Por: Antonio Mata
Sentia poder caminhar, muito embora olhasse para todos os lados, meio desconsertado. Como quem busca se localizar. Tudo bem que estivesse claro o suficiente para enxergar tudo.
Quer dizer, podia enxergar dezenas de quilômetros adiante. Assim, tinha definição de algumas formas, as quais não distinguia direito por mero desconhecimento.
Só queria mesmo definir o que era embaixo, em cima, direita, esquerda, para trás e para frente. Enfim, queria se localizar. Andar sobre o quê? Não tinha chão, mas andava.
Também não era só isso. É que sentia pressão debaixo de seus pés. Só não divisava chão algum. Além de um certo torpor, uma certa leveza que não compreendia.
Entendeu logo que não estava sozinho. Não se sentia mal por isso. Chegavam até ele e ficavam olhando curiosos. Ficavam curiosos da sua curiosidade. Talvez de sua própria confusão.
- Está procurando alguma coisa?
- Não sei.
- Quer procurar alguma coisa?
- Não sei.
- Quer fazer alguma coisa?
Olhou para cima, para baixo...
- Ainda não sei...
Com a mesma rapidez com que surgiram, começaram a se afastar.
- Não, espera, espera aí! Só uma coisa, uma coisa!

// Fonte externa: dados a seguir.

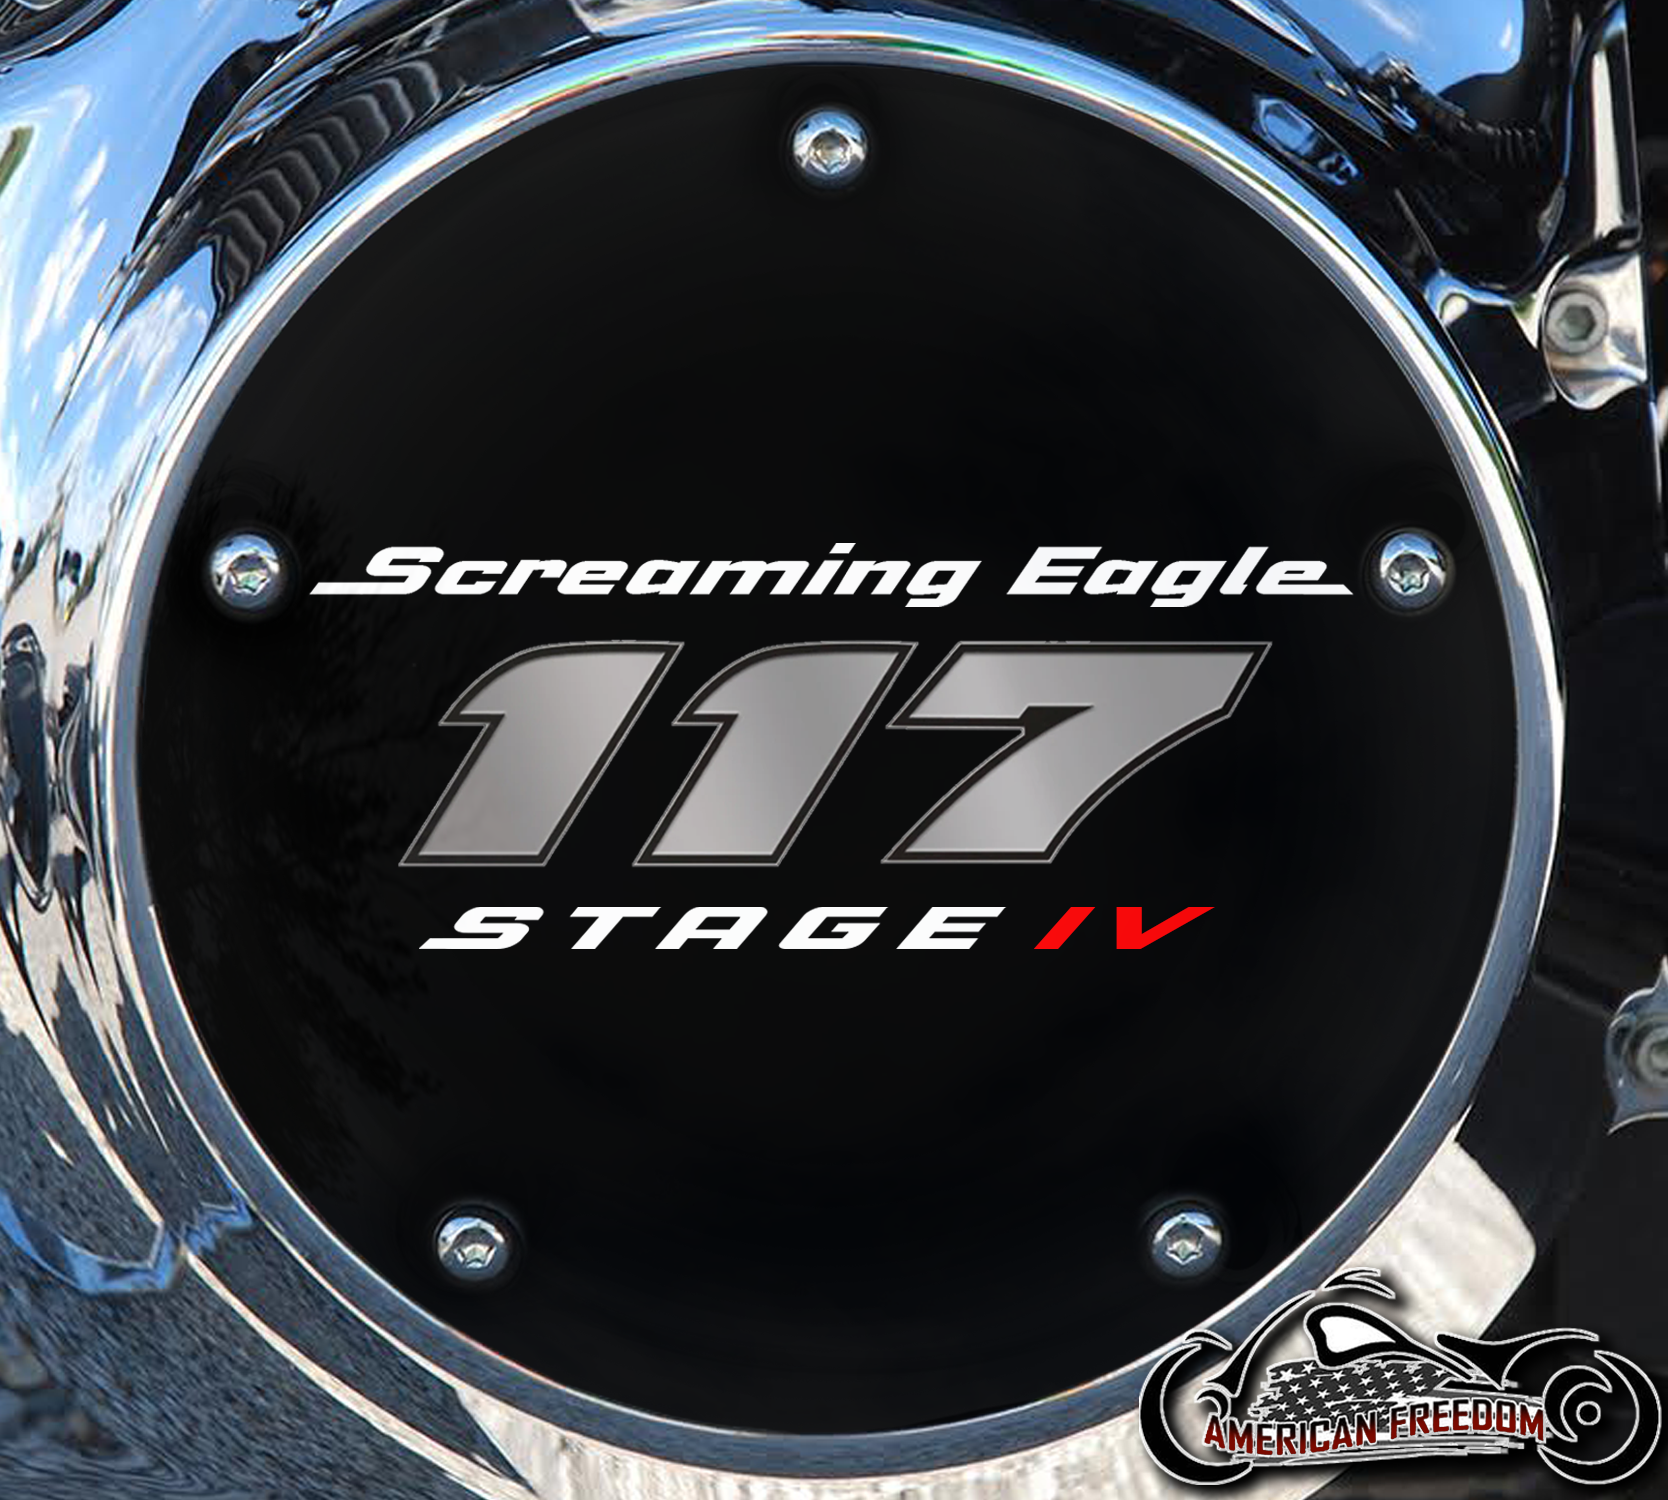 Screaming Eagle Stage IV 117 Derby Cover

- Sim, diga, estamos aqui para responder. Mas, era você que não queria perguntar.
- Tá bom, entendi.
- Então pergunte.
Havia pelo menos meia dúzia deles aguardando para tirar suas dúvidas. Mesmo sem dizer nada. Apenas olhavam e o esperavam com grande curiosidade.

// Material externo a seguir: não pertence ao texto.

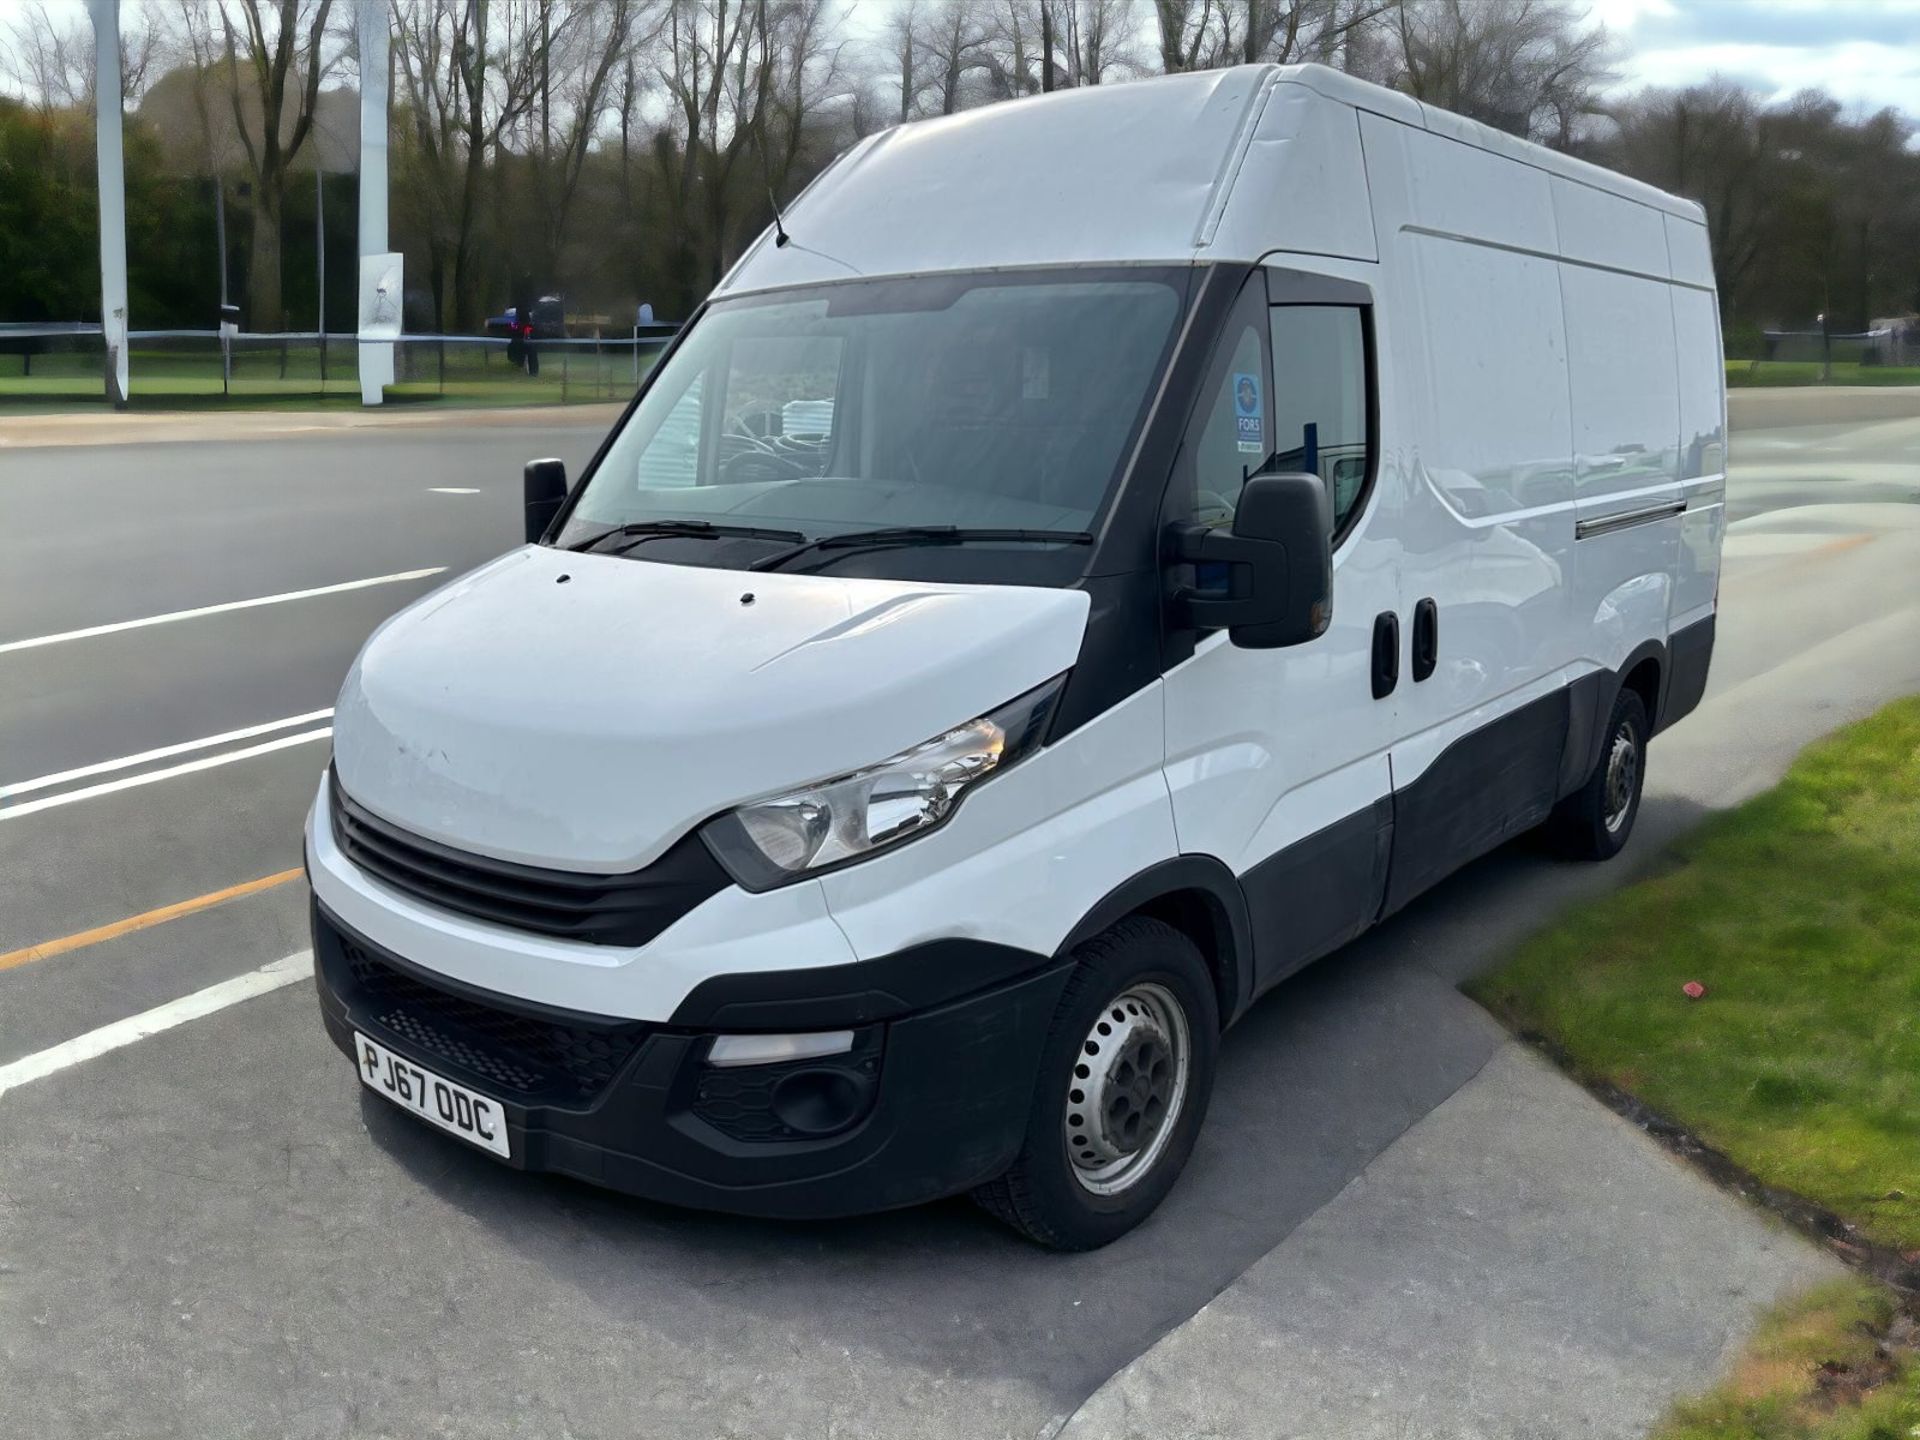 2017-67 REG IVECO DAILY 35S -HPI CLEAR - READY FOR WORK! - Image 2 of 12

— Está bem, me digam uma coisa. Se eu seguir para aquele lado eu chego aonde?
— Ora, você chega lá. Lá daquele lado. — Virou-se e prontamente apontou para o lado indicado.
— E o que tem lá?
— É só ver o que tem aqui. O que tem aqui, tem lá também. É só isso que você queria perguntar?
— Como pode ser isso? Não existem lugares novos aqui?
— É claro que sim, tem muitos. Você não consegue ver? Não está enxergando direito? — Não era por gozação que dizia isso. Realmente queria saber se o visitante conseguia ver tudo.
— Pode me levar até lá? Fica muito longe?
— Aqui não tem nada longe. Me acompanhe e verá.
Iniciaram uma caminhada de alguns segundos e então sentiu-se transportado para mais além.
— Pronto, aqui estamos nós. Já chegamos onde você queria estar.
Parecia satisfeito com a caminhada extra rápida. Tornou a olhar ao redor na busca de algo que lhe ajudasse a se localizar. Encontrou modesta forma, algo como uma elevação de aspecto ligeiramente acinzentado. De resto a névoa suave de antes.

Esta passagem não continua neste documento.